Christian was one of the great guys actually interested on helping btw. A
real, real shame he left, making people have to interact with mr budeguer...
(too much inside info, sorry)

------
SkiAlta
Stop driving in the rear view mirror. I applaud Startup Chile for their
efforts, but I think this whole conversation focuses on the wrong questions.
One of the biggest challenges with Startup Chile or other similar program is
that without a common language or framework around early-stage value creation
milestones, the fallback mechanism is to measure how entrepreneurs spend
money. This is like driving in the rearview mirror and the approach hasn't
historically achieved optimal results. Is it possible that the reason we
aren't achieving higher hit rates on startups is that we are measuring the
wrong things?

If we look at the "startup industry" as an industry, we should ask ourselves
some tough questions like... What other industry in the world has an 80% to
90% failure rate? And why is such a high failure rate acceptable?

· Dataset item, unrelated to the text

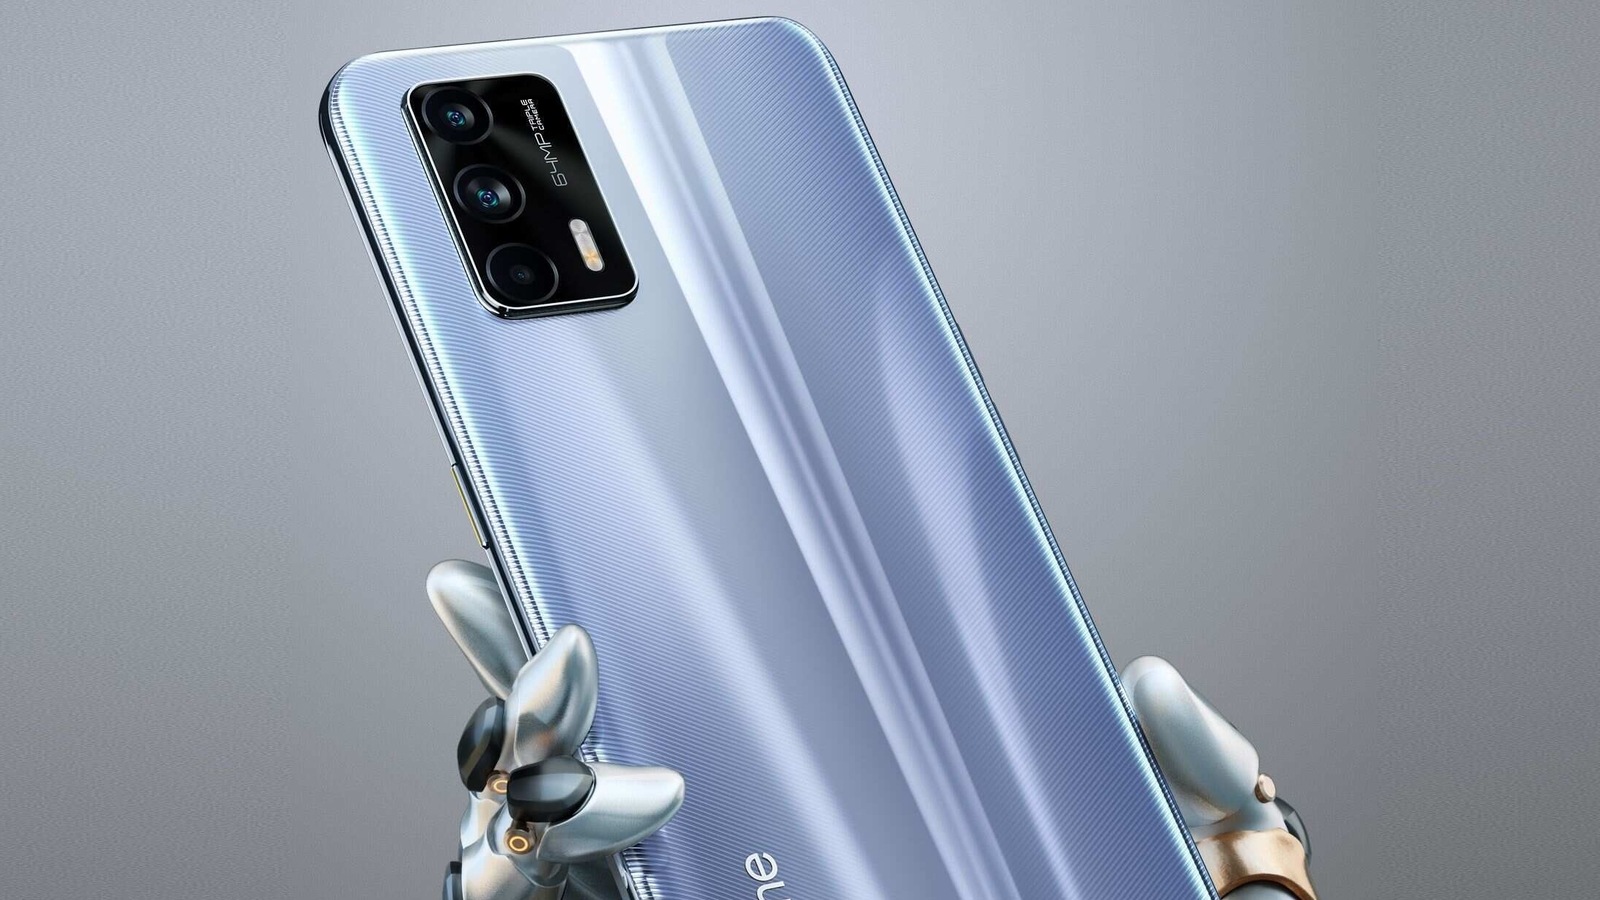 Realme will launch a Dimensity 1200-powered version of the GT Neo2 soon -   News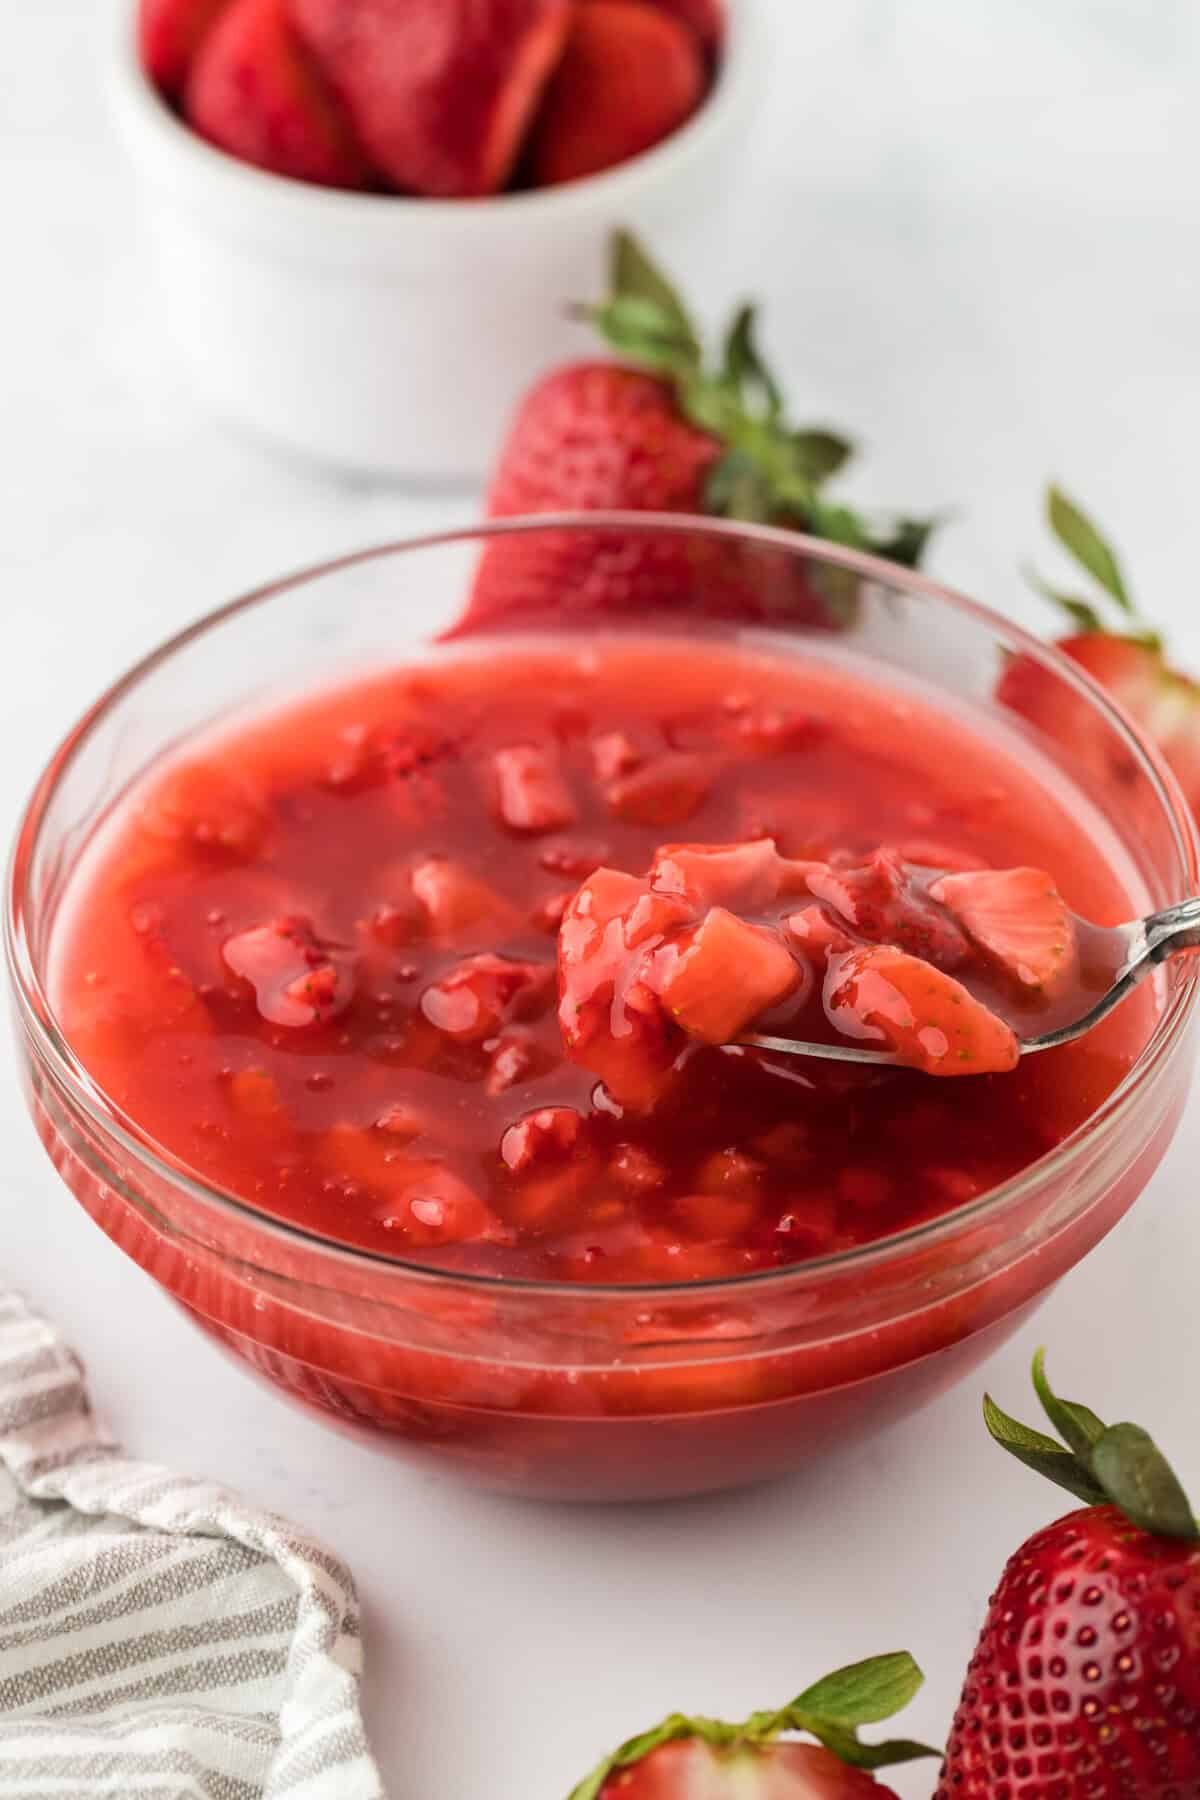 A spoon lifting a portion of strawberry sauce from a clear glass bowl. The bowl is surrounded by whole and halved fresh strawberries.

I don't fault Startup Chile for their program and think we should all be
working to push these startup conversations forward. To improve the odds of a
positive outcome, here are the questions I would ask if I ran such a program.
"How much more effective would these programs be if the focus was on agreed to
customer-centric value creation milestones and then capital was deployed based
on achieving these milestones? What if the entrepreneur or startups were
measured on building products that 1) nail the customer's pain, 2) nail the
minimum feature set to satisfy the customer demand, 3) nail the business model
or go-to-market strategy? etc...

In addition to reimbursing for expenses, an effective startup program could
tranche additional seed capital based on how the startup achieved early
success and nailed early value-creation milestones. Give high-potential
entrepreneurs a little bit of guaranteed runway is great. In addition, provide
them follow-on financing in the form of tranched performance payments based on
successful execution.

Doing this would require an agreed to framework. Here's a link to a recent
conversation thread on one possible way to achieve this.
<http://news.ycombinator.com/item?id=3406330>

------
mtr
I too had issues with reimbursements but while there are certainly issues that
can be improved I don't think there's a better deal in the world available for
entrepreneurs.

My stance is best summed up in this photo from earlier in the month:
[http://www.facebook.com/photo.php?fbid=280134802038762&s...](http://www.facebook.com/photo.php?fbid=280134802038762&set=a.280128665372709.81130.110074692378108&type=1&theater)

------
harrisreynolds
Thanks for this discussion. The more information that is available about
programs like these, the better it is for prospective applicants. Best of
luck.

------
scottieb33
Yes there is red tape here but one of the things that doesn't come up much is
the OPPORTUNITY. Who cares if the idea/start-up you came here with doesn't
work, if you're willing to commit to being in Chile there is a lot of low
hanging fruit. If you're willing to work hard and outcompete the competition
(which is much easier here than in the States) you can be successful. I'll
admit that our start-up, www.bungolow.com is not a "new" idea, but there are
market opportunities here that we can't take advantage of in the US.

------
ojbyrne
This is sad, if true (and it kind of rings true). As soon as I saw the
reimbursement policy I got the sense that the program would be bullshit. I'd
love to hear otherwise.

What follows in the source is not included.